2. Description of the Related Art
Japanese Laid-Open Patent Application No. 11-162003 discloses an information reproduction apparatus that reproduces information recorded on an optical disk. In this information reproduction apparatus, light is emitted on the optical disk, and the reflection light from the optical disk is divided and received by a plurality of light receiving members. The current signals obtained from the respective light receiving members are added by an adder, and the resultant signal is then converted into a voltage by a current/voltage converter (hereinafter referred to as “I/V converter”).
In accordance with the technique, an amplifier is mounted in the same package as the light receiving members. Since the I/V converter is also mounted on the optical pickup apparatus, a reproduction signal of the optical disk can be resistant to an adverse influence from noise, because it can be extended by 20 cm or more by a voltage signal that is relatively resistant to noise.

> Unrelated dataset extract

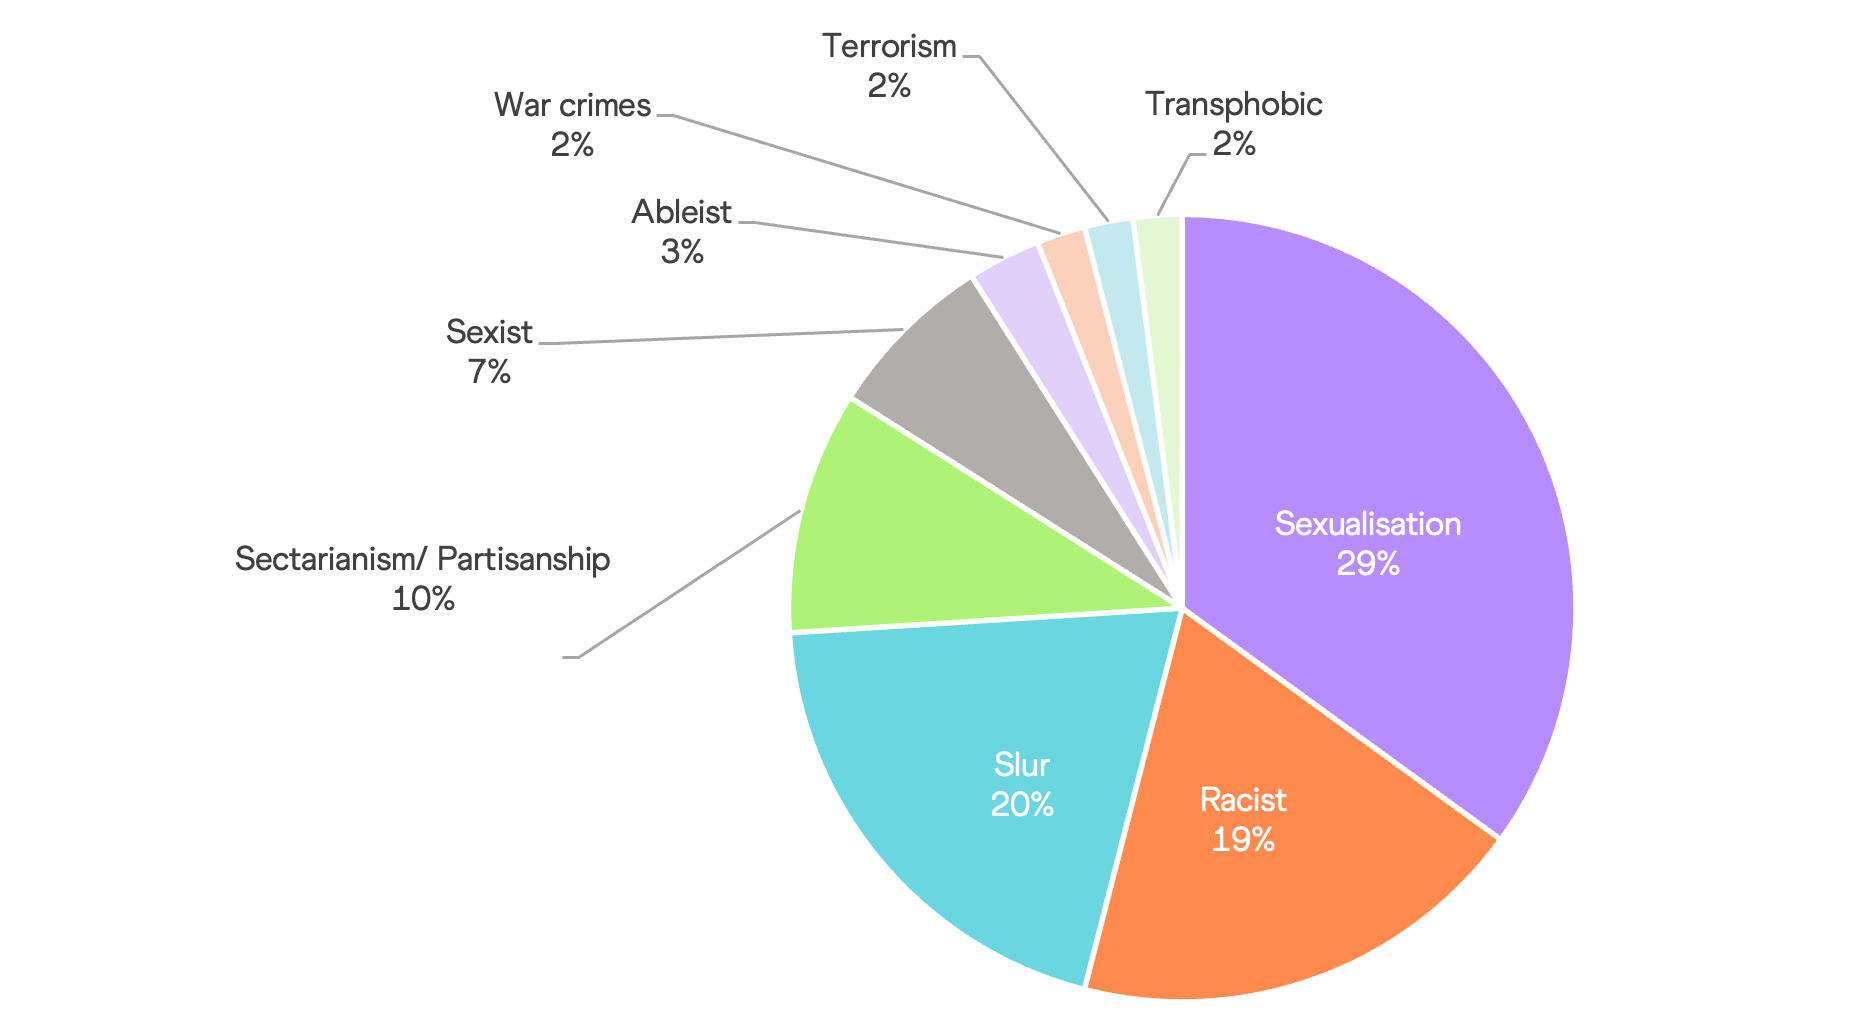 Oregon online abuse study - breakdown of abuse types

The adder that adds up the output signals of the respective light receiving members is also mounted on the optical pickup apparatus. In view of this, an adverse influence from noise can be avoided. In a case where the voltage signals converted from the output signals of the light receiving members are transmitted over a long distance through a plurality (four, for instance) of signal lines, with the noise superimposed on each signal line being N, the noise superimposed on the voltage signal after the adding operation by the adder is N×√{square root over ( )}4=2×N. On the other hand, after the voltage signals are added up in the optical pickup apparatus, the resultant voltage signal is outputted to the circuit substrate through a signal line, so that the superimposed noise can be equivalent to N.
In the method disclosed in Japanese Laid-Open Patent Application No. 11-162003, however, there are problems with the dynamic range of the circuit. More specifically, since the RF signal is an addition signal of the output signals of the light receiving members, the RF signal has a signal level that is several times (four times in a case of a general optical system, because the four light receiving members are divided from one light receiving element) higher than the output of each of the light receiving members. Accordingly, even if the output range of the RF signal is set in the entire dynamic range, the range of the output signal of each of the light receiving members is limited to one fourth of the dynamic range. Since the output of each of the light receiving members is normally used for generating a servo signal for controlling the operation of the pickup device, it has a low bandwidth, and is relatively resistant to noise. However, with a larger number of light receiving members or a higher reading rate of the optical disk, the servo signal might be adversely influenced by noise.
When information is to be recorded on a DVD-R disk, for instance, the quantity of light for forming recording marks equivalent to “1” is more than 10 times as large as the quantity of light for recording spaces equivalent to “0”. To prevent saturation of the output of the RF signal for the large quantity of light for forming the recording marks, the dynamic range of the output of each of the light receiving members during the space recording operation is only 1/40 of the RF signal. As a result, the output signal of each of the light receiving members is limited to an extremely narrow range.
Furthermore, there is another problem with the prior art. To restrict the noise on a signal line that serves as a transmission path, a signal that has the opposite polarity to the RF signal is transmitted at the same time as the RF signal (the differential output), and the difference is removed at the receiving end, so as to remove the noise in the in-phase component superimposed on both signals. Throughout this specification, the complementary signal for the RF signal is referred to as “RF−”. In a general differential output operation, if the RF signal is a signal on the positive side with respect to a predetermined reference voltage Vref, the RF− is a signal obtained by inverting the RF signal about the reference voltage Vref. As a result, the RF− has the opposite polarity to the RF signal. Alternatively, when the outputs of the respective light receiving members are added up, the outputs of the light receiving members are inverted at the same time. In this example, the output voltage of RF− is situated on the negative side with respect to the reference voltage Vref. As a result, there is a problem that a twice as wide dynamic range is required.